Boston: Press of Geo. C. Rand & Avery, 1866. 29, [3 blanks] pp. Stitched, with the plain rear wrapper [which has a postal cancel]. Front wrapper absent, save for a spine remnant. Else Very Good.
The Church tasks the Commission, whose members are listed, with "the religious and other instruction of the freedmen." Reverend Francis Wharton's Address, printed here, warns that "A free and yet ignorant and debased race cannot exist in the vitals of the body-politic without the most fearful risks." Unlike Indians, "the negro is not nomadic; he refuses to wander from his old homes; there have these four millions of human beings lived, and there will they die." Concluding that their education is a necessity, Wharton then examines the "grave question" whether freedmen are "capable of the cultivation here invoked." Breathing a sigh of relief, he concludes that they have the makings of an "intelligent, Christian, self-directing and self-elevating industrial class."

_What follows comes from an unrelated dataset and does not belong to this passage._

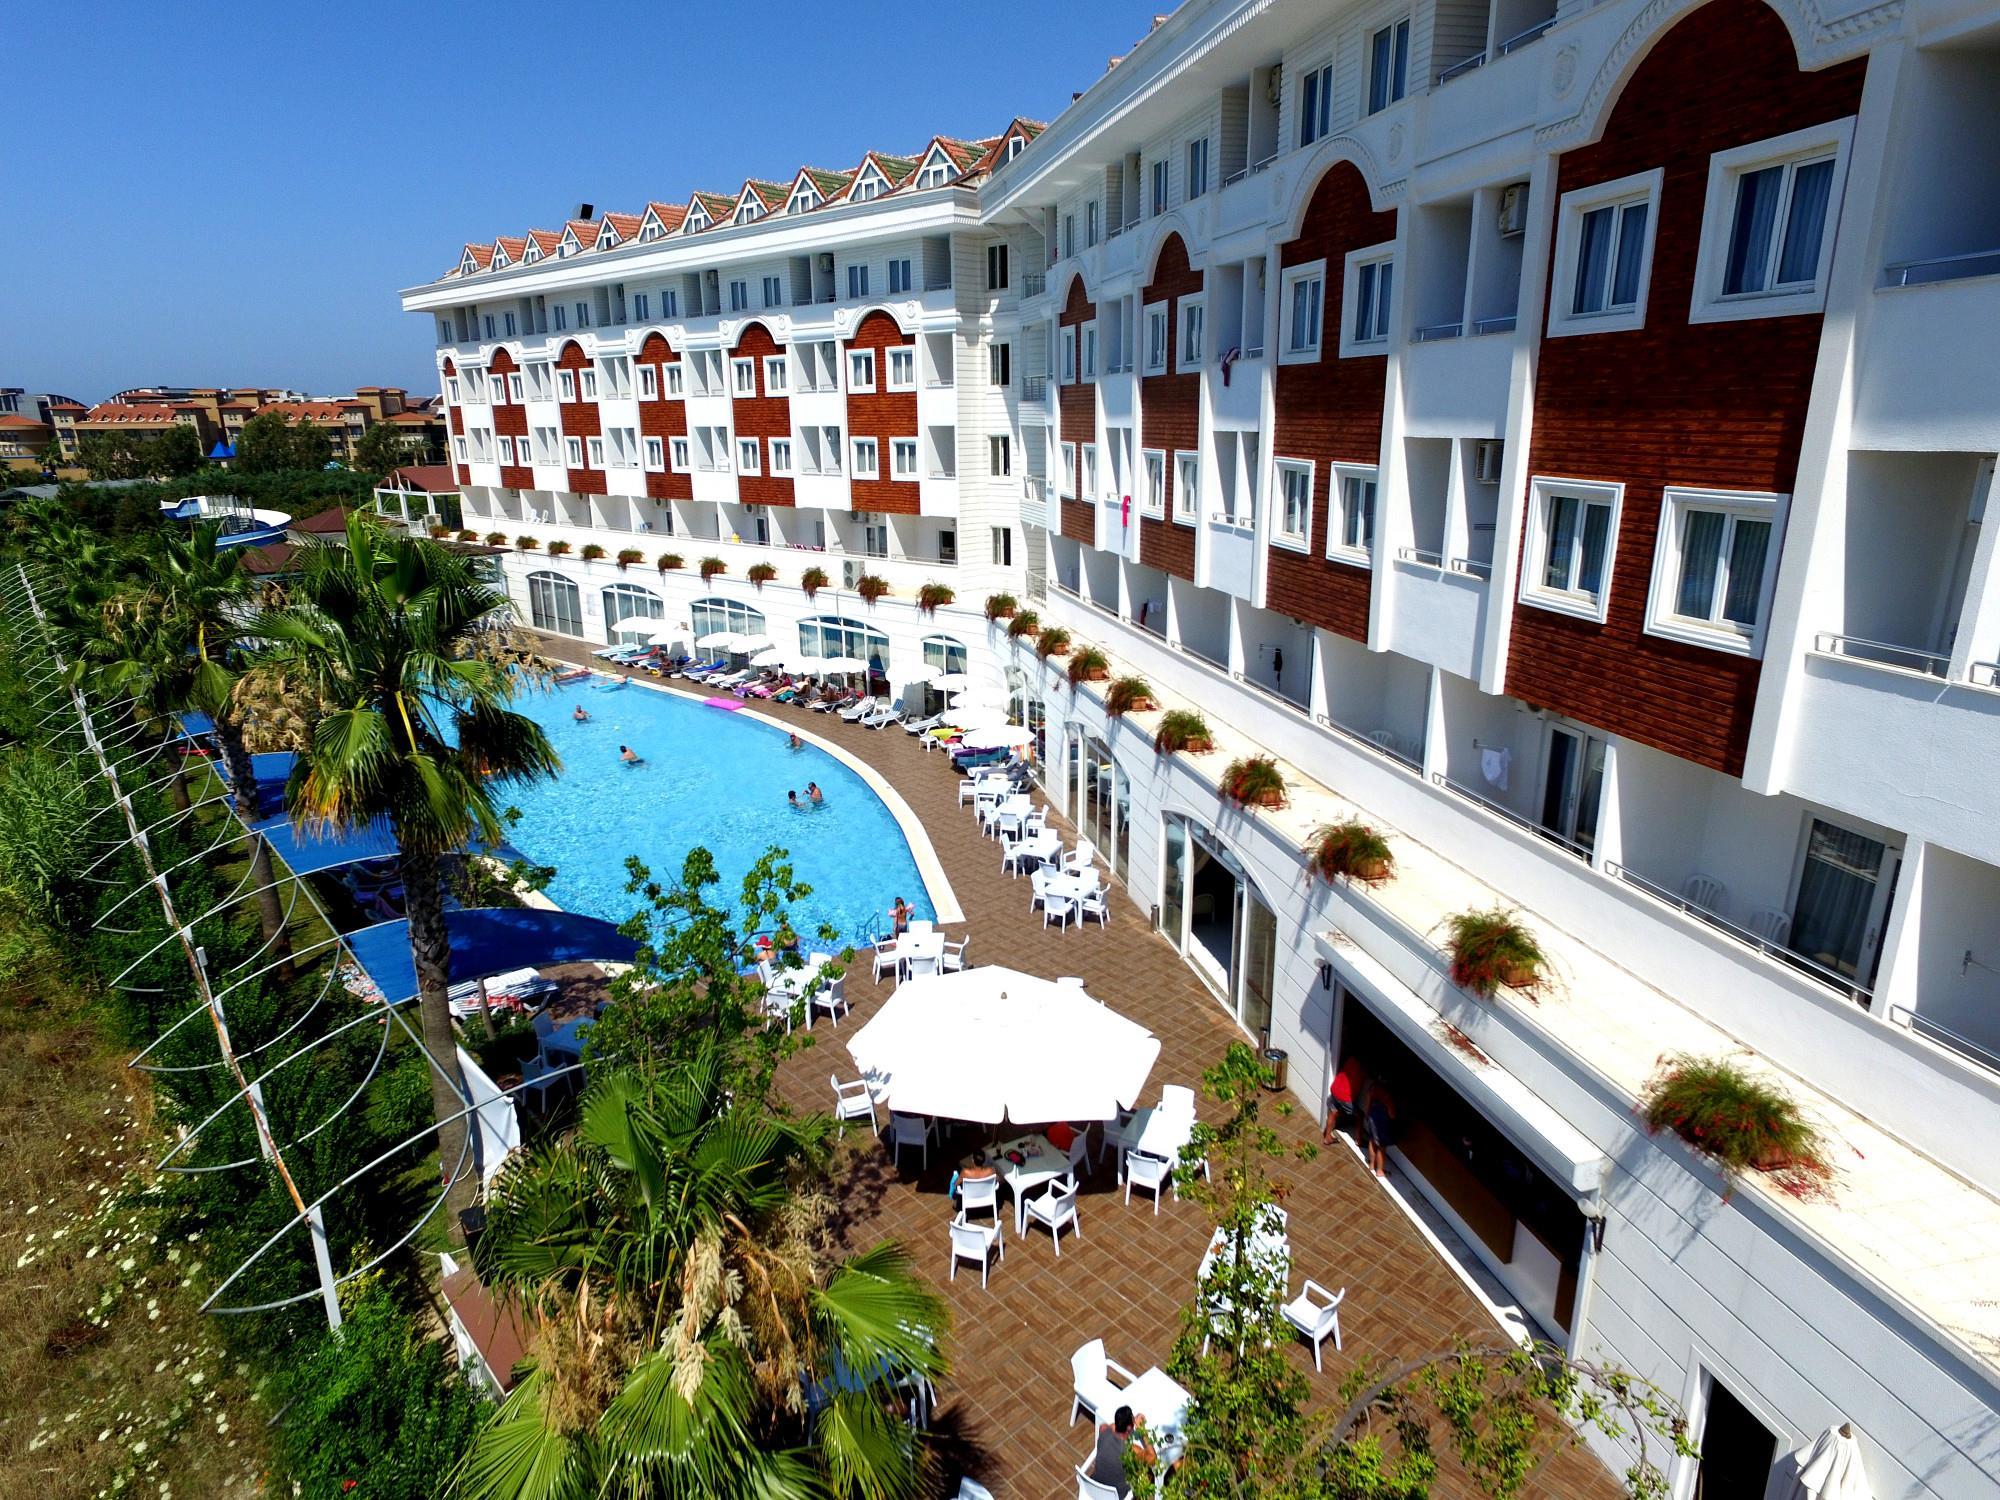 http://www.orextravel.sk/OREX/hotelphotos/side-royal-paradise-general-0016.jpg

Page 17 begins an Appendix, explaining the "necessity of industrial activity in the South," Negroes' "capacity for intelligent labor" and the need to Christianize them. President Johnson's Address to the Colored Troops at Washington, advising them of "the importance of controlling your passions," is printed, along with Freedmen's Bureau material and dire warnings of the impending moral collapse of the freedmen.